Photo credit: The China Project illustration
“I have not agreed to anything,” President Trump told reporters last Friday, crushing the latest round of trade talks optimism, and turning the dial on the Trade War News Cycle to somewhere in between “No progress is made” and “Administration is tough on trade with China.”
Earlier in the week, the News Cycle was in the “Administration hints at resolution” phase, but unusually, the hint came from the administration in Beijing, not Washington.
“If the phase-one deal is signed, China and the U.S. should remove the same proportion of tariffs simultaneously based on the content of the deal. This is what [the two sides] agreed on following careful and constructive negotiations over the past two weeks,” the Chinese Commerce Ministry had said on Thursday.
Besides Trump, other U.S. officials have further denied that any agreement on rolling back tariffs has been made. CNBC cited “multiple sources familiar with the talks” that said, “The idea of a tariff rollback was not part of the original October ‘handshake’ deal between Chinese Vice Premier Liú Hè 刘鹤 and U.S. President Donald Trump.”

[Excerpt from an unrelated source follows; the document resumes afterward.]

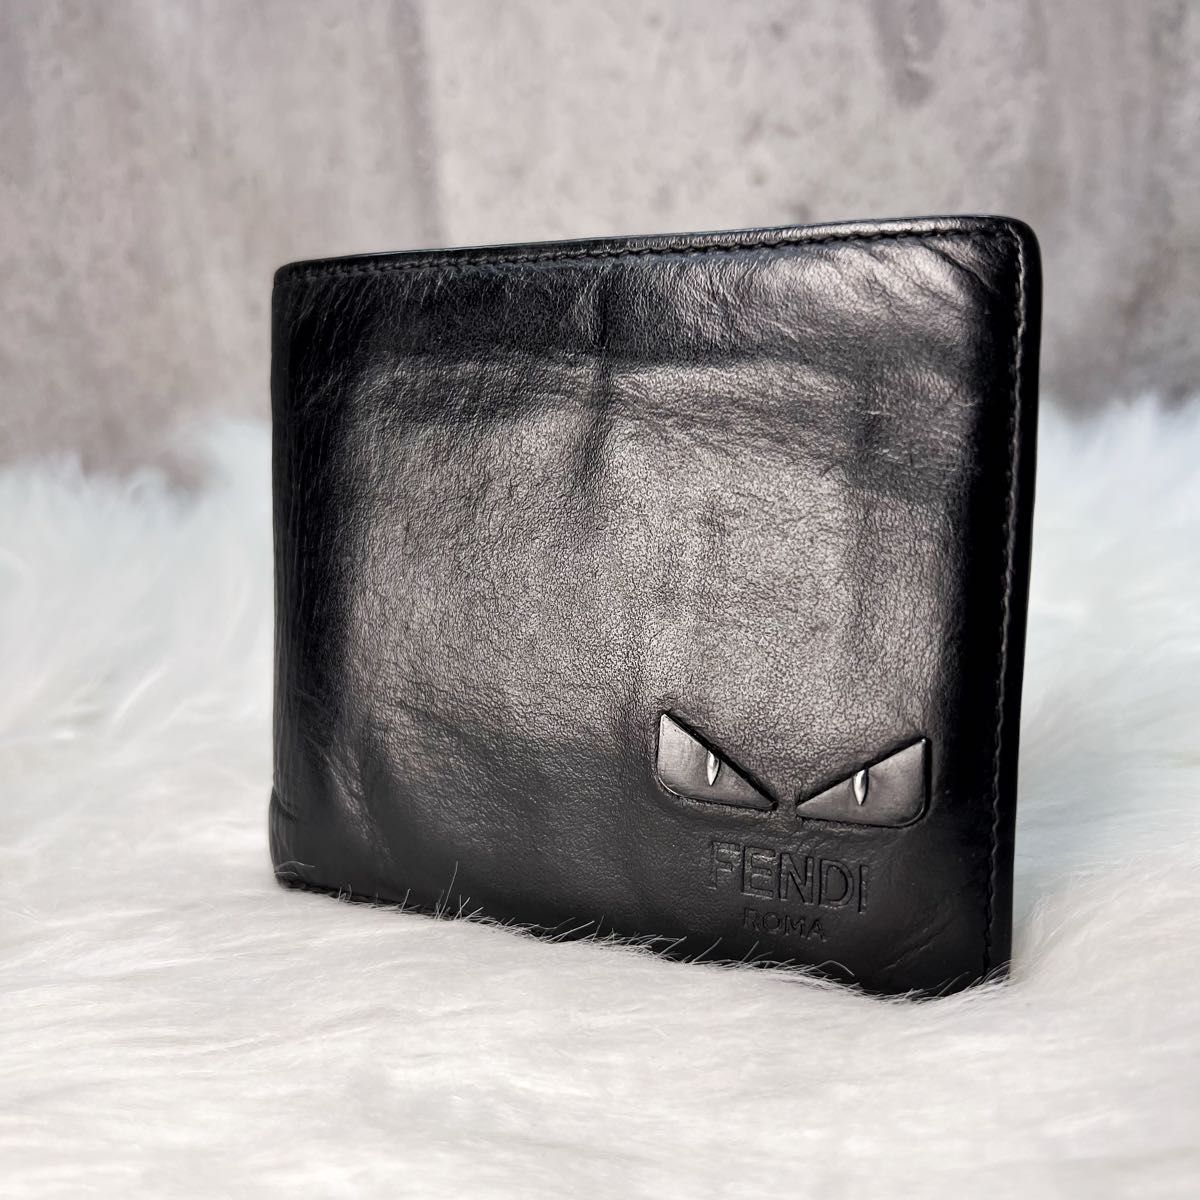 話題の行列 【美品】FENDI 財布 二つ折り ブラック FF ウォレット

Then, Trump’s in-house China-basher, trade adviser, and academic fraud Peter Navarro described the situation this way in an interview with NPR:
NAVARRO: I can confirm that there is no agreement to remove any of the existing tariffs as a condition of signing a phase-one deal. That did come right out of the ministry of propaganda, as it were, in China – was widely misreported in the press.

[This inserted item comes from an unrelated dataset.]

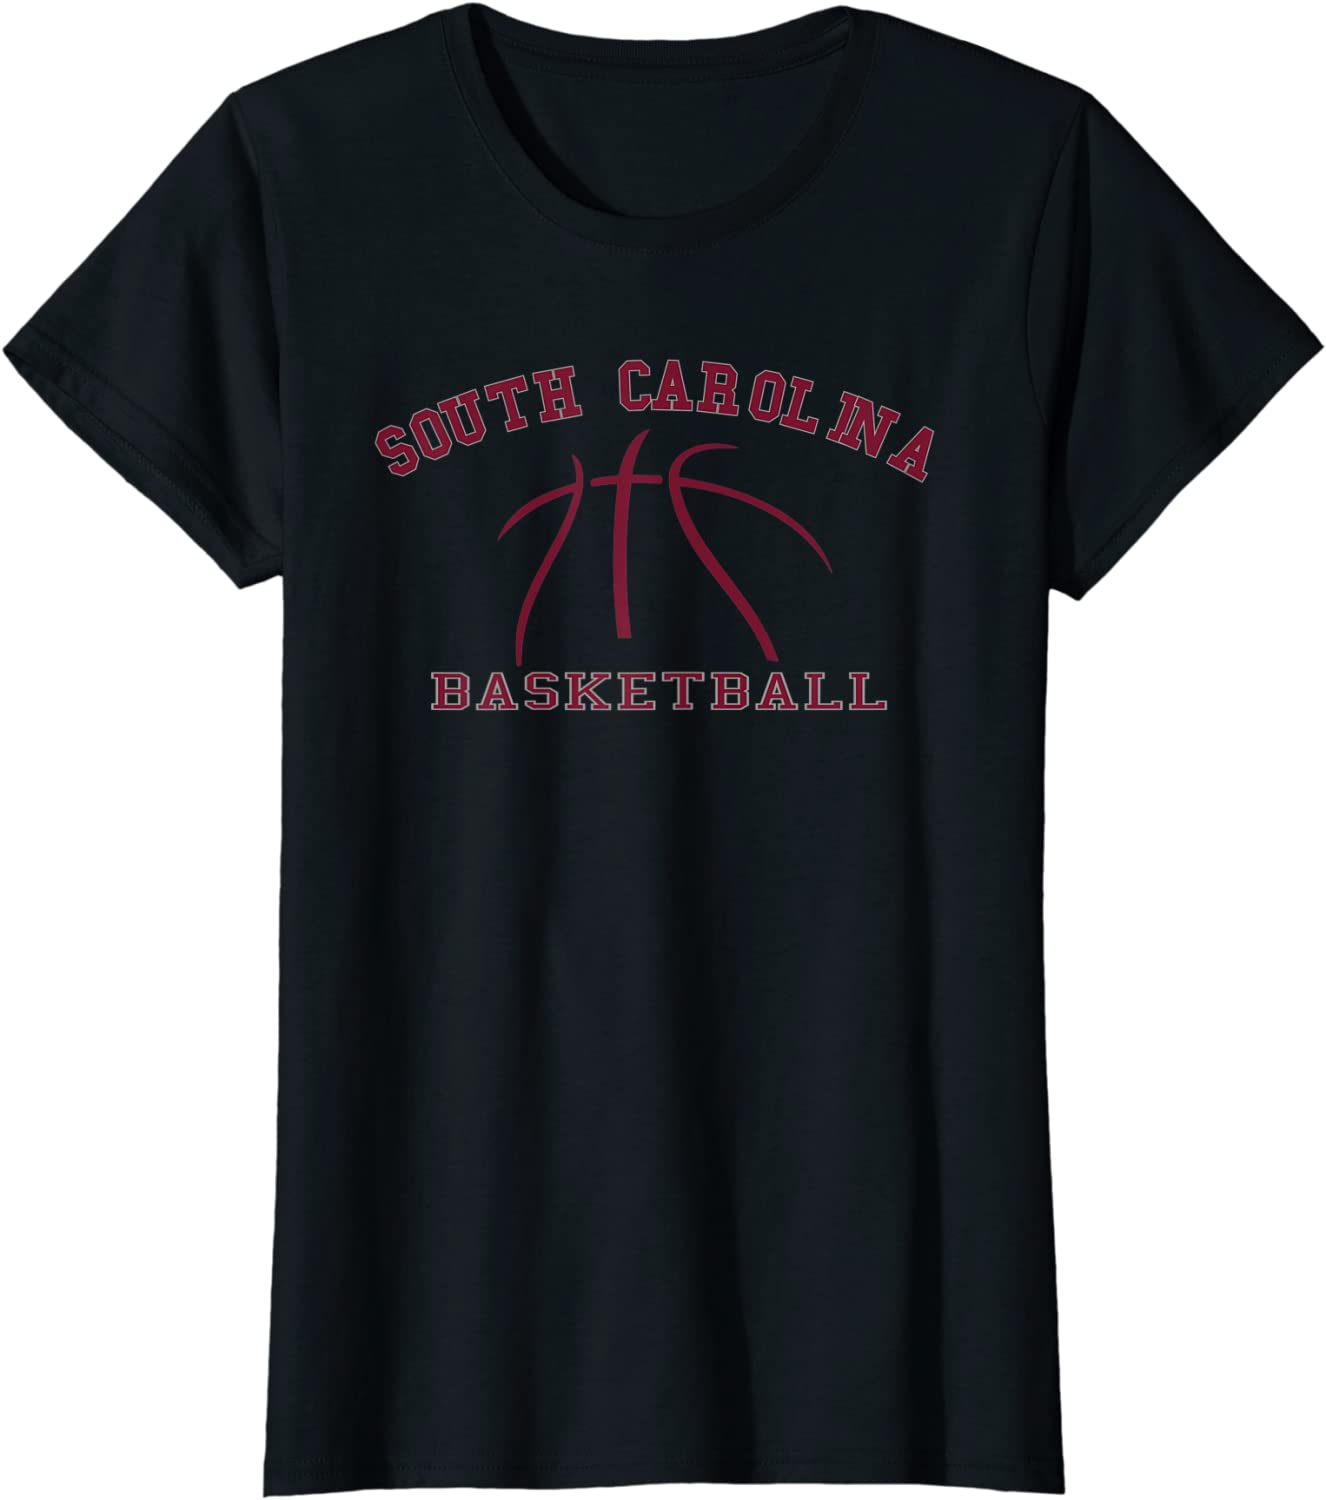 Women's Shirt South Carolina Basketball Fan Apparel Hoops Gear T-Shirt - image 1 of 4

NPR: Let’s talk about that. If there’s no deal to roll back tariffs, why is China saying there is? You reference propaganda. What do you think is going on here?
NAVARRO: Well, somebody joked to me yesterday that the real negotiations with China don’t really start until you have a handshake deal — is what we had in October. Basically, they’re trying to renegotiate or retrade the October deal, and I don’t fault them for it. That’s kind of what they do. But the reality is that what is on the table is there’s the tariffs coming in December – December 15. We would be willing, I think — again, it’s up to the president – to postpone those tariffs.
It does not sound like a deal is even close. Get ready for the Trade War News Cycle to make a few more loops around before the end of the year.